▶ **WHAT YOU WILL DO**:
In the entries below, find the line with "Venstar Com Voyager" and the line with "Shop Goldies, Utah"; copy them and every line between them exactly, but not the pictures.

▶ **PROVIDED INFORMATION**:
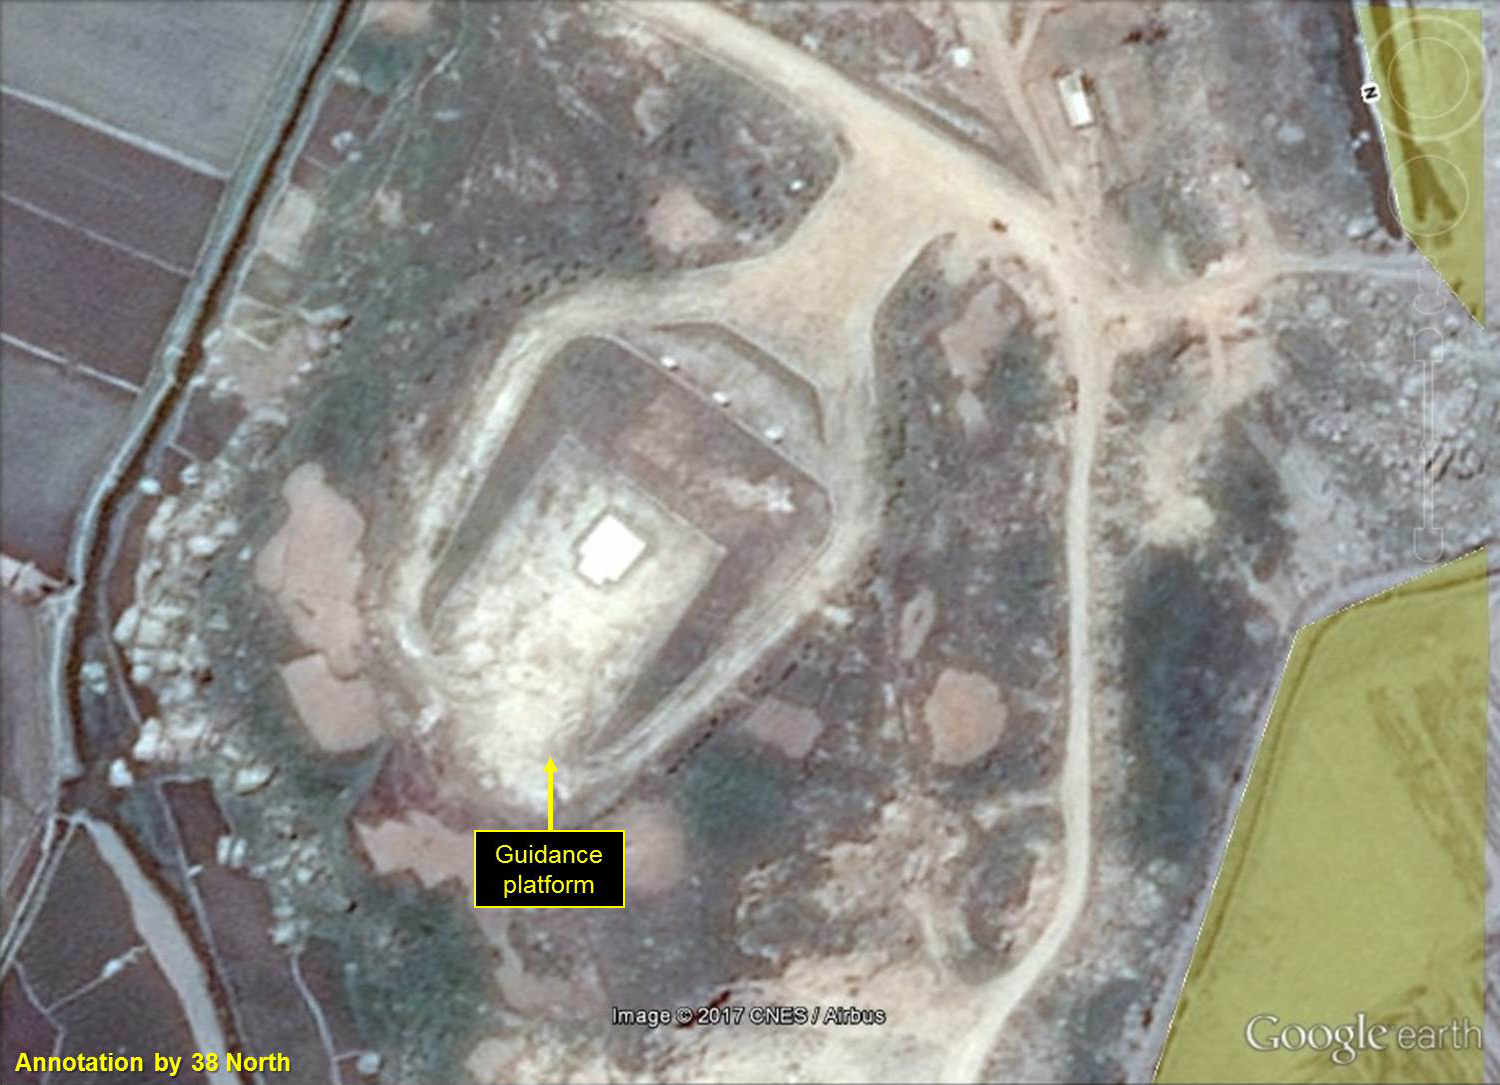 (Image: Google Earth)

--

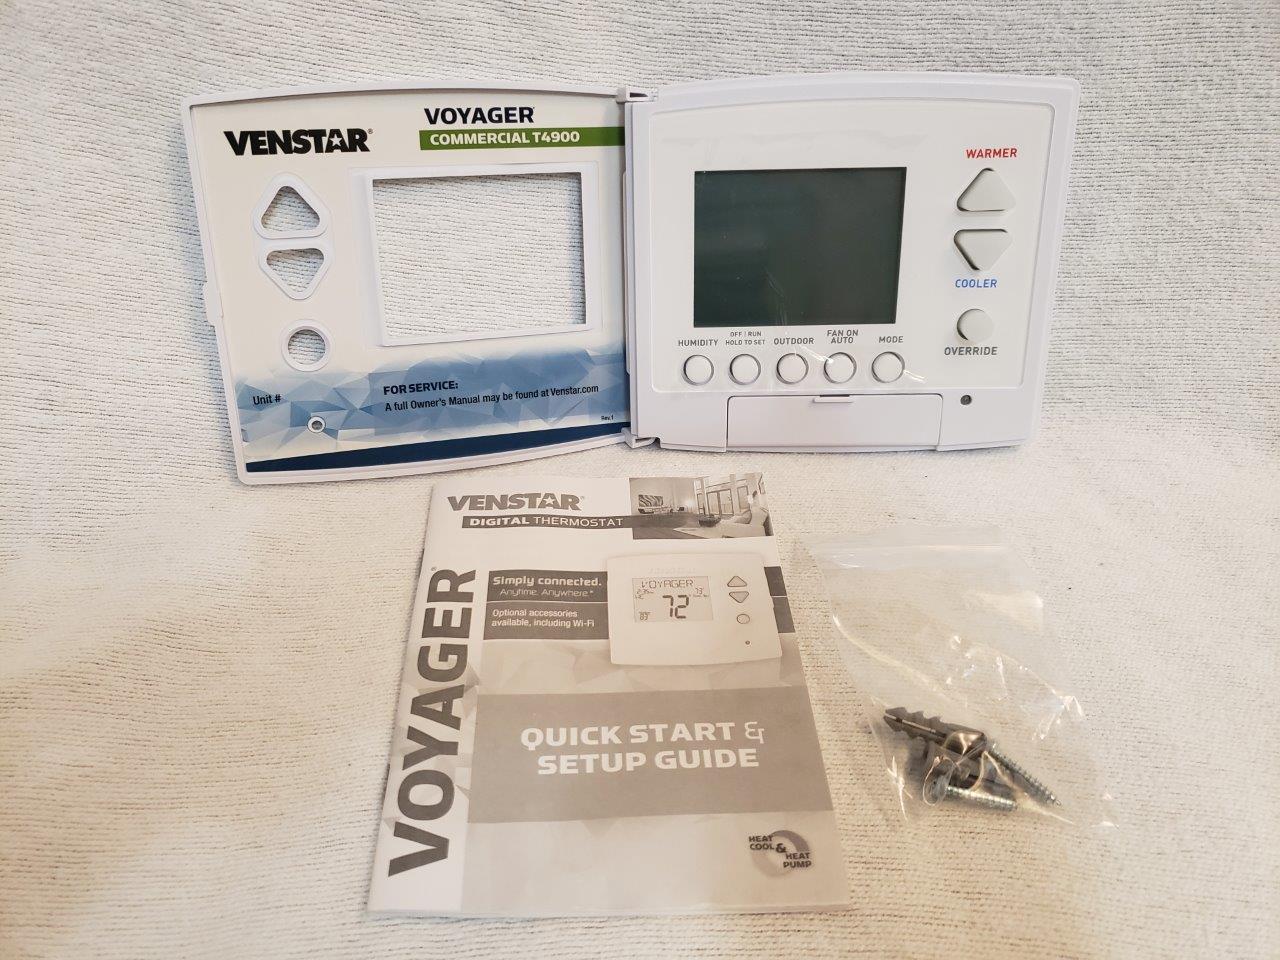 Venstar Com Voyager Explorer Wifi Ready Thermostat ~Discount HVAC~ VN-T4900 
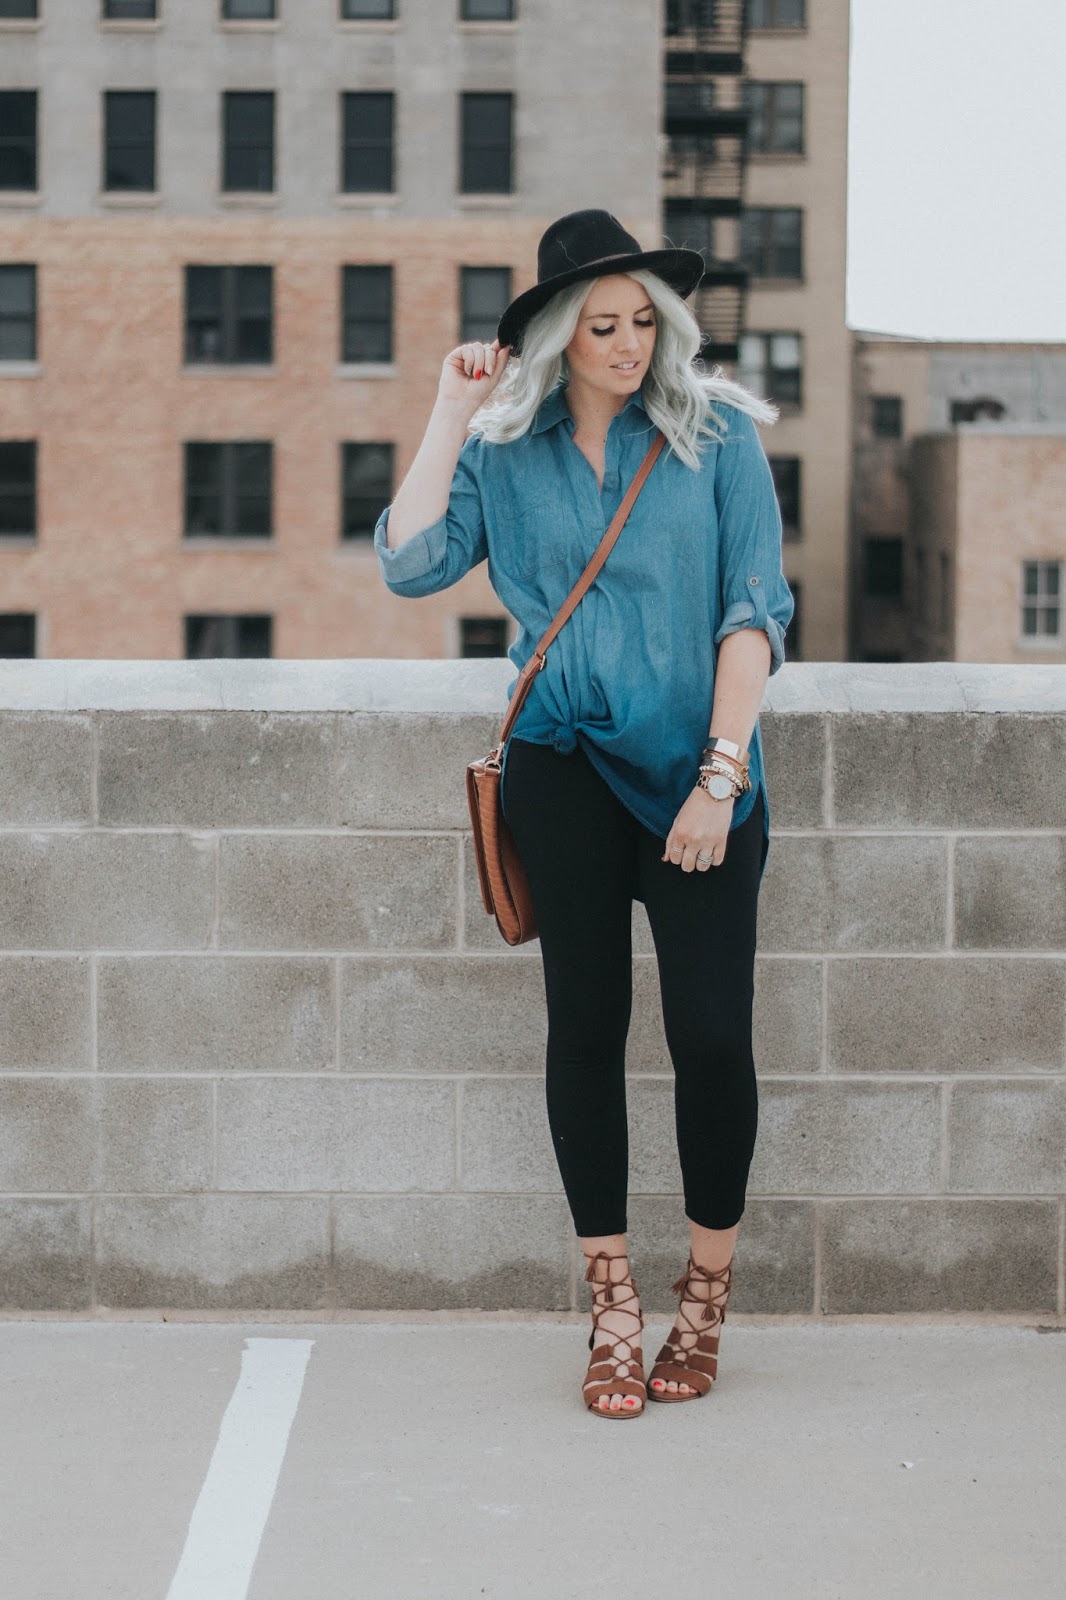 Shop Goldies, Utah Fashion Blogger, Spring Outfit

▶ **WRITTEN REPLY**:
 Venstar Com Voyager Explorer Wifi Ready Thermostat ~Discount HVAC~ VN-T4900 
 Shop Goldies, Utah Fashion Blogger, Spring Outfit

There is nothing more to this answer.